Problem requirements:
Look below for the line with "Madhya Pradesh: National"; begin the copy there and stop after the line with "test Twitter Media", keeping the text exact and the pictures out.

Dataset records:

------------------------------------------------

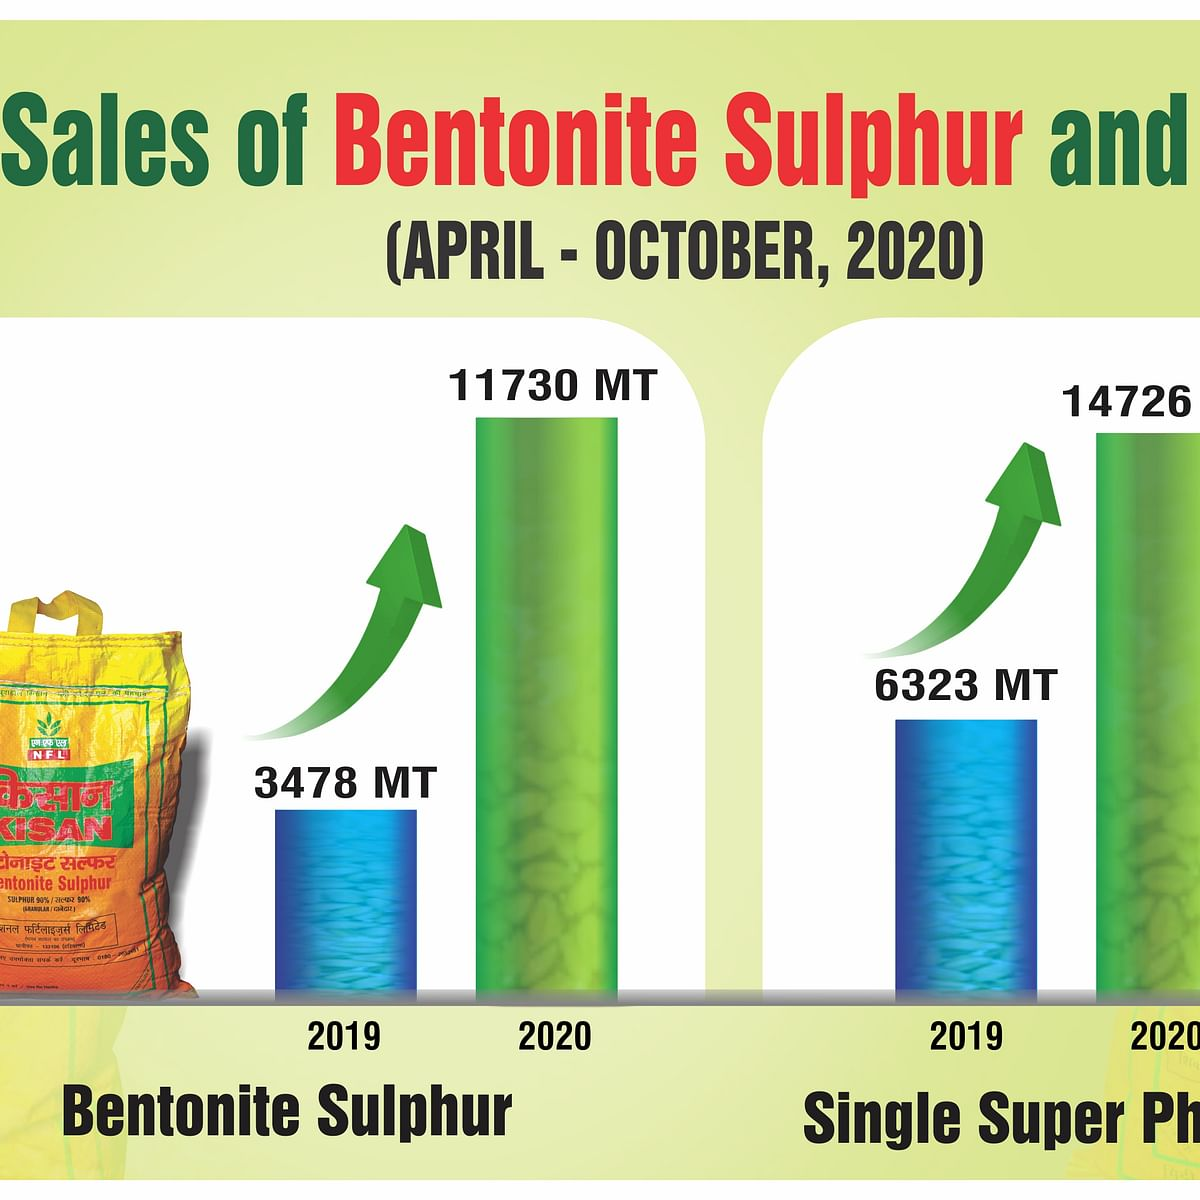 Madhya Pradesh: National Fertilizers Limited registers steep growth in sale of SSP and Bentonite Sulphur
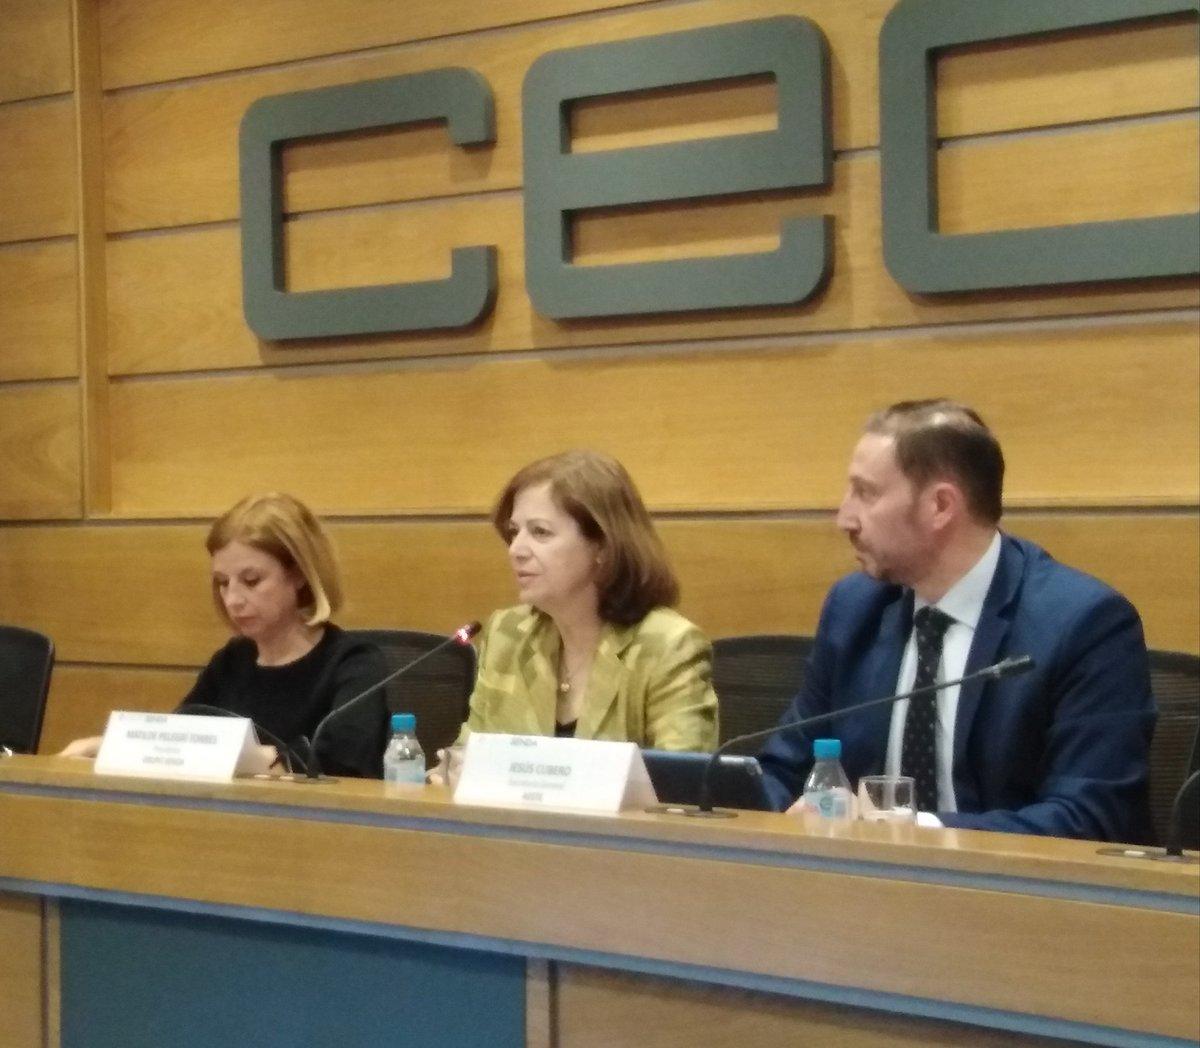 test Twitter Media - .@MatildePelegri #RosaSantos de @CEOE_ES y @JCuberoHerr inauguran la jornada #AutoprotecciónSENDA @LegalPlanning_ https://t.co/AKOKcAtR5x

------------------------------------------------

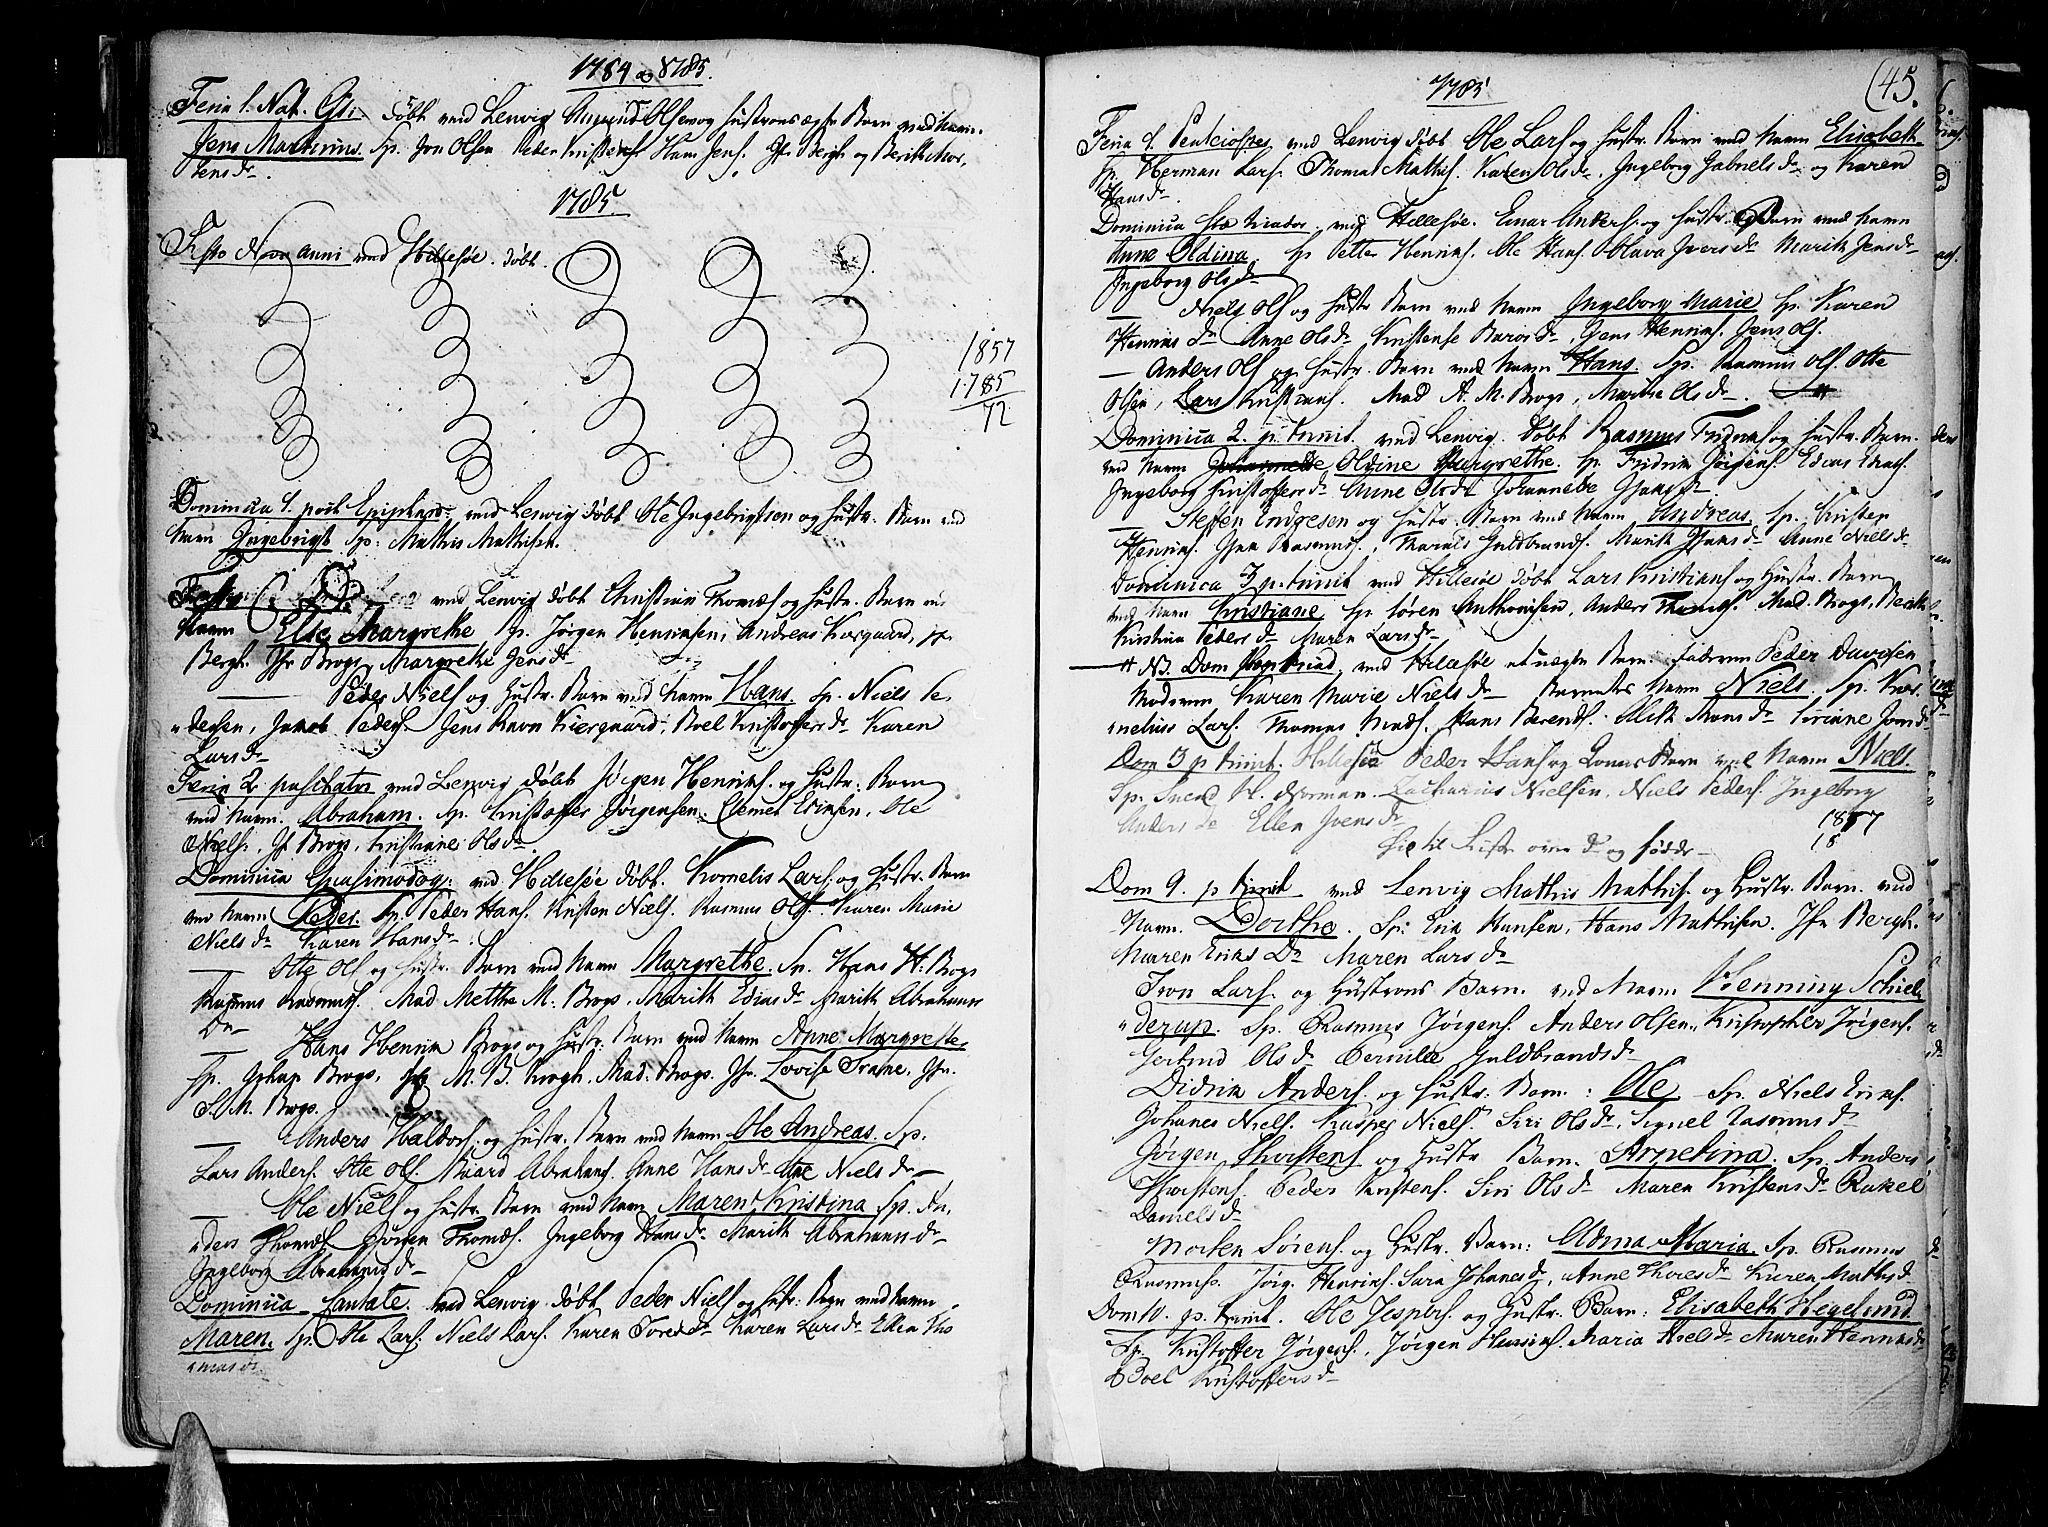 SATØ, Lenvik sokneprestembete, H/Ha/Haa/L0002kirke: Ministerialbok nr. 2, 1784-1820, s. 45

------------------------------------------------

Exercise answer:
 Madhya Pradesh: National Fertilizers Limited registers steep growth in sale of SSP and Bentonite Sulphur
 test Twitter Media - .@MatildePelegri #RosaSantos de @CEOE_ES y @JCuberoHerr inauguran la jornada #AutoprotecciónSENDA @LegalPlanning_ https://t.co/AKOKcAtR5x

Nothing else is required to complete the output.